What you have to do:
Both the line below containing "Side door lock transmission mechanism" and the line containing "Dictionary of Gnosis", along with every line between them, should be repeated exactly; no other line belongs in the answer.

Extracted data:
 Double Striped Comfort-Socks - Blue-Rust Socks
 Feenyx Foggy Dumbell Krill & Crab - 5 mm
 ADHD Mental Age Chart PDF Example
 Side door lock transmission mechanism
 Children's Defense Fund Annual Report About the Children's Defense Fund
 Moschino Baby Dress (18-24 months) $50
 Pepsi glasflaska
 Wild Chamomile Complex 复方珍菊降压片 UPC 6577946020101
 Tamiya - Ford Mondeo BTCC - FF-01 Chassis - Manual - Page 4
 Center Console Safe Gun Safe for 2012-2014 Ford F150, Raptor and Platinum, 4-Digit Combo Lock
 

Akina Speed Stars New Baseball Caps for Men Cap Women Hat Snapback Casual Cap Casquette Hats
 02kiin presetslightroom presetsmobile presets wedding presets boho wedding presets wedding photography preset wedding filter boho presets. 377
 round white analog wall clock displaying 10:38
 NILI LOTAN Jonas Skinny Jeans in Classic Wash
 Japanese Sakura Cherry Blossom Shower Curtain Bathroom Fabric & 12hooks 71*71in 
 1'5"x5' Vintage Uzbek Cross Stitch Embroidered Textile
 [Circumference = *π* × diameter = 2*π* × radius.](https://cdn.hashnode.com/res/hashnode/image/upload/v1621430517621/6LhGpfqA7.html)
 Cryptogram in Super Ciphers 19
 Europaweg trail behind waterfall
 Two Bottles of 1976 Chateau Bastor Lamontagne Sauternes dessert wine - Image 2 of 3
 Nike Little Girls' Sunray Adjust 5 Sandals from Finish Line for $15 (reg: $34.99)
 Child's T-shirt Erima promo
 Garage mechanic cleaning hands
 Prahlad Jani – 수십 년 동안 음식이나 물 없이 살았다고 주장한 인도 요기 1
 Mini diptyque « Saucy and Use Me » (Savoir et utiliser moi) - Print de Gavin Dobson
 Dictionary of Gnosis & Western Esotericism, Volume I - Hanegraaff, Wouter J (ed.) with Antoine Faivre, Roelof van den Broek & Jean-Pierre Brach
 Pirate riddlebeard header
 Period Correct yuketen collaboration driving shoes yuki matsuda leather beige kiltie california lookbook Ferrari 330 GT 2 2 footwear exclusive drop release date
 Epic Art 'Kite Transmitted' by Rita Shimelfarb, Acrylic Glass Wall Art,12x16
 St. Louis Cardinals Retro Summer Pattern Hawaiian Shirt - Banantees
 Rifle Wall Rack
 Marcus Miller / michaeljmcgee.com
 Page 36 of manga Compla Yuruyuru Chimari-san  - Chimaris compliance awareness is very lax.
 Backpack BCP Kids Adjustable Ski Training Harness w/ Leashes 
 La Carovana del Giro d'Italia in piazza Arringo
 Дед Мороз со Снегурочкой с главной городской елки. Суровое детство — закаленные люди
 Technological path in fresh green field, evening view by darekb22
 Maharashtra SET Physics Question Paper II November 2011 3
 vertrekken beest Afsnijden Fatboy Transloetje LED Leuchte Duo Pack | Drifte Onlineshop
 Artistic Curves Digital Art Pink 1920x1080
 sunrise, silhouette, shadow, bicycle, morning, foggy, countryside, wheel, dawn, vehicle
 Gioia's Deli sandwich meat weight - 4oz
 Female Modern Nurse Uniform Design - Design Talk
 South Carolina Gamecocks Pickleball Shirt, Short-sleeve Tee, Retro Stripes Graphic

Exercise response:
 Side door lock transmission mechanism
 Children's Defense Fund Annual Report About the Children's Defense Fund
 Moschino Baby Dress (18-24 months) $50
 Pepsi glasflaska
 Wild Chamomile Complex 复方珍菊降压片 UPC 6577946020101
 Tamiya - Ford Mondeo BTCC - FF-01 Chassis - Manual - Page 4
 Center Console Safe Gun Safe for 2012-2014 Ford F150, Raptor and Platinum, 4-Digit Combo Lock
 

Akina Speed Stars New Baseball Caps for Men Cap Women Hat Snapback Casual Cap Casquette Hats
 02kiin presetslightroom presetsmobile presets wedding presets boho wedding presets wedding photography preset wedding filter boho presets. 377
 round white analog wall clock displaying 10:38
 NILI LOTAN Jonas Skinny Jeans in Classic Wash
 Japanese Sakura Cherry Blossom Shower Curtain Bathroom Fabric & 12hooks 71*71in 
 1'5"x5' Vintage Uzbek Cross Stitch Embroidered Textile
 [Circumference = *π* × diameter = 2*π* × radius.](https://cdn.hashnode.com/res/hashnode/image/upload/v1621430517621/6LhGpfqA7.html)
 Cryptogram in Super Ciphers 19
 Europaweg trail behind waterfall
 Two Bottles of 1976 Chateau Bastor Lamontagne Sauternes dessert wine - Image 2 of 3
 Nike Little Girls' Sunray Adjust 5 Sandals from Finish Line for $15 (reg: $34.99)
 Child's T-shirt Erima promo
 Garage mechanic cleaning hands
 Prahlad Jani – 수십 년 동안 음식이나 물 없이 살았다고 주장한 인도 요기 1
 Mini diptyque « Saucy and Use Me » (Savoir et utiliser moi) - Print de Gavin Dobson
 Dictionary of Gnosis & Western Esotericism, Volume I - Hanegraaff, Wouter J (ed.) with Antoine Faivre, Roelof van den Broek & Jean-Pierre Brach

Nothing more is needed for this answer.